Ebony watched Carter as he looked at his feet, pressing the ground with his expensive boots encased in polythene, feeling his way. She looked skyward. The light couldn’t make it through the tangled canopy of branches. The air was trapped with the smell of rotting leaves and past bonfires. At the end of the garden a newer wall marked the boundary between that property and the next and the trees gave way to a cleared area where two composters stood, their open ends on the flattened ground.

Ebony lifted the lid on each one in turn; both were half full. Carter looked in and recoiled.

‘Fuck . . .’

Hundreds of fat worms were stretching their ribbed bodies over the rotting matter.

Ebony dipped her gloved hand in one of the bins and pulled out a handful of rich brown crumbly compost and let it sift through her fingers.
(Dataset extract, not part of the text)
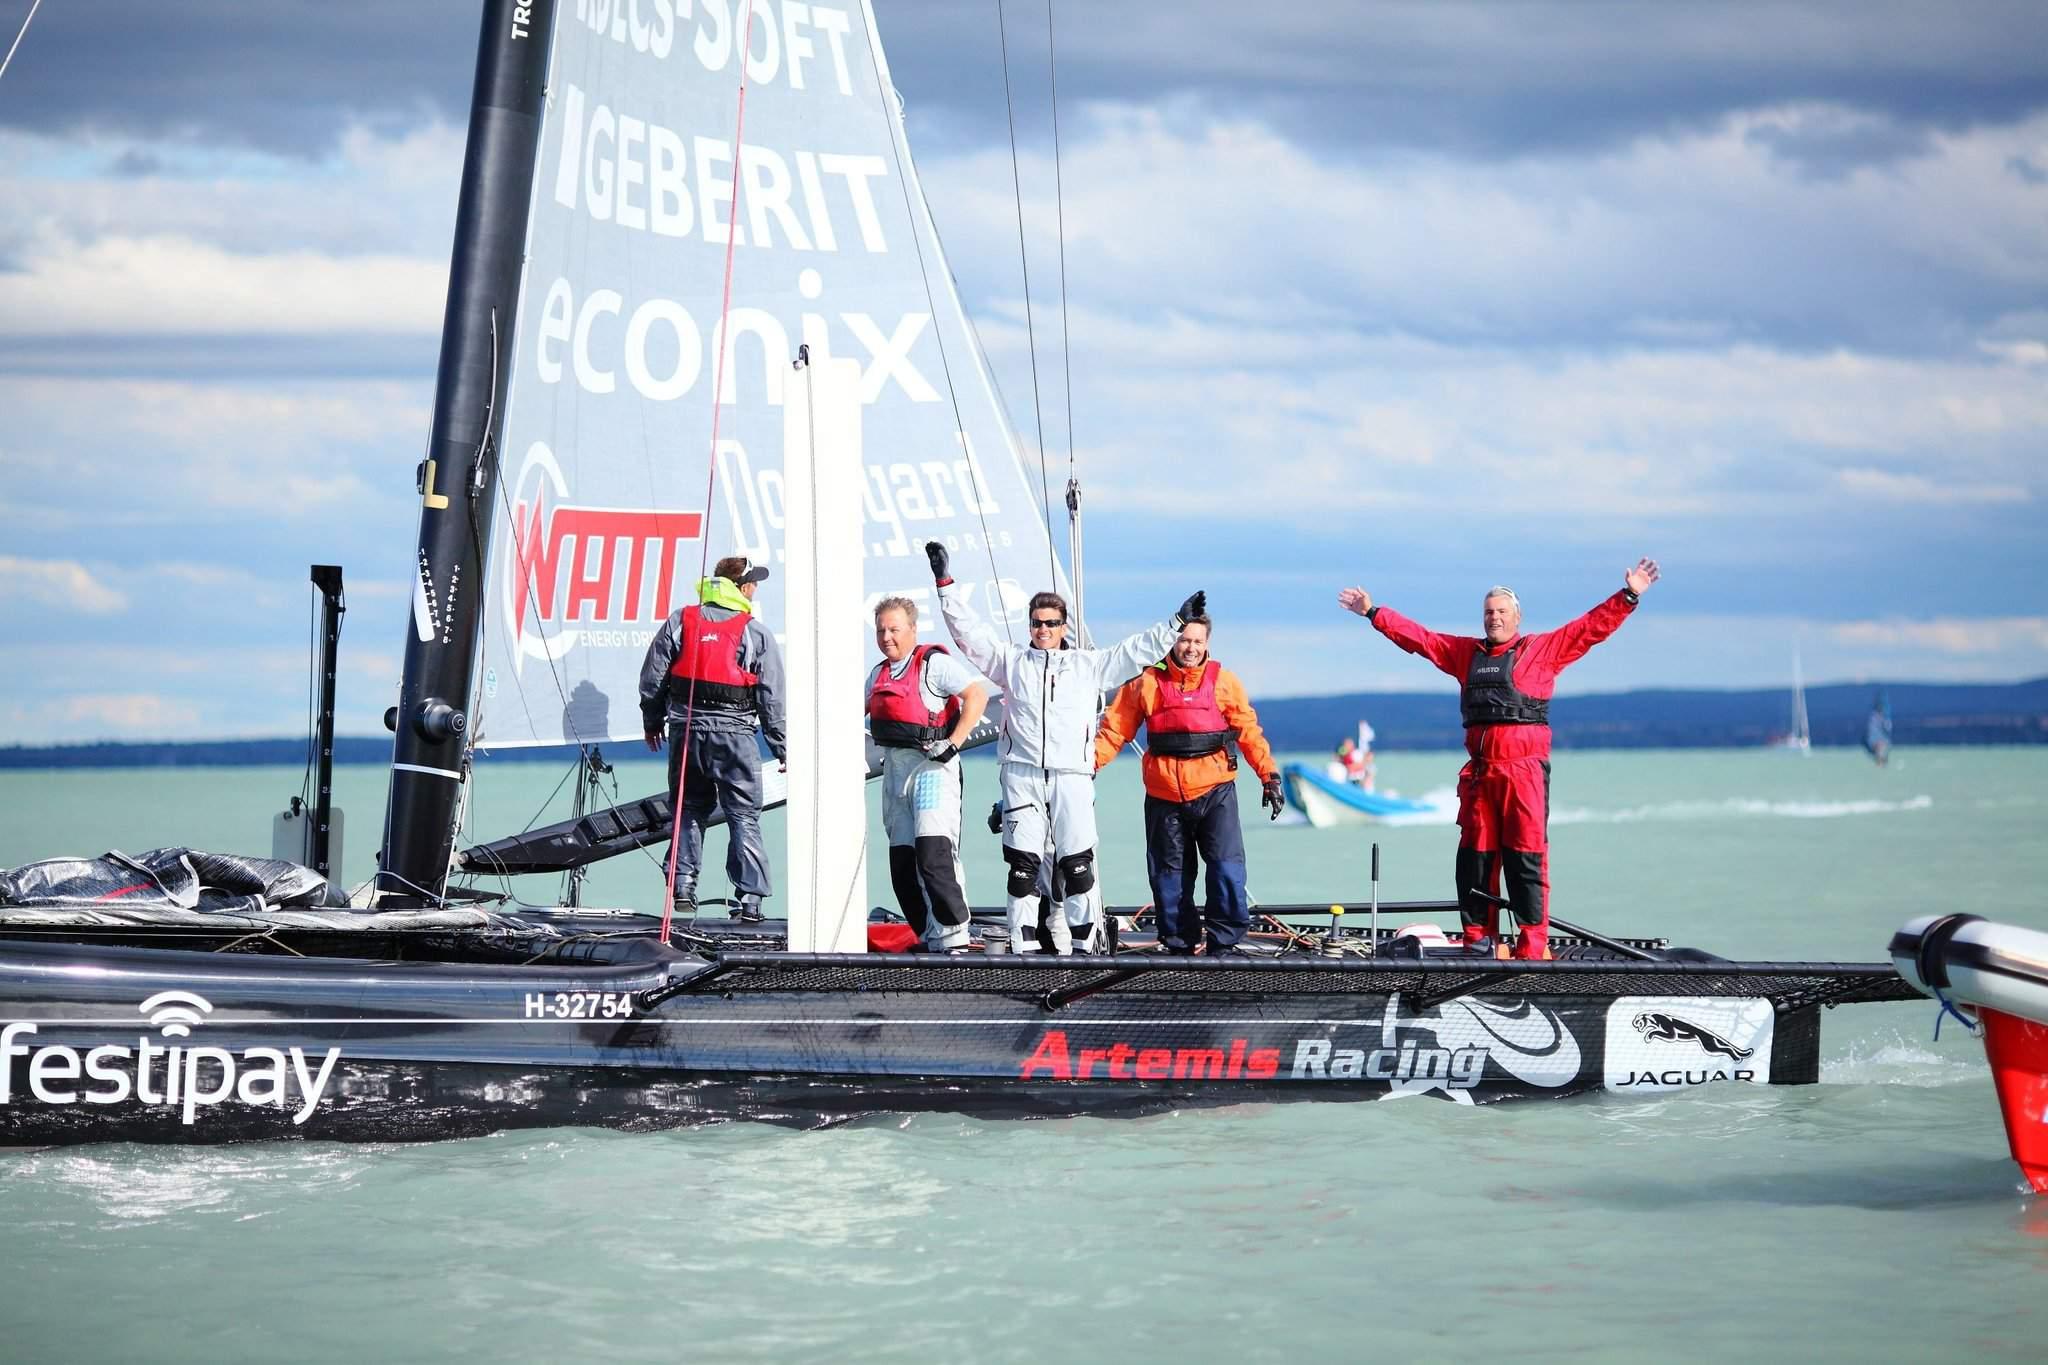 Litkey wins Kékszalag regatta for the 12th time – PHOTO GALLERY

Carter stared at her as if she were mad.

‘Not sure what it’s supposed to look like, Sarge.’

‘It should have all sorts of lumps of rotting stuff, vegetation, kitchen waste, that sort of thing in there.’

She moved it round with her hand. ‘Can’t see any vegetables or kitchen peelings in it, Sarge; it’s very fine.’

Carter looked back to the garden. ‘That’s a lot of compost produced from just leaves. Anything else in there?’ She shook her head.

He called back down the garden and two officers arrived.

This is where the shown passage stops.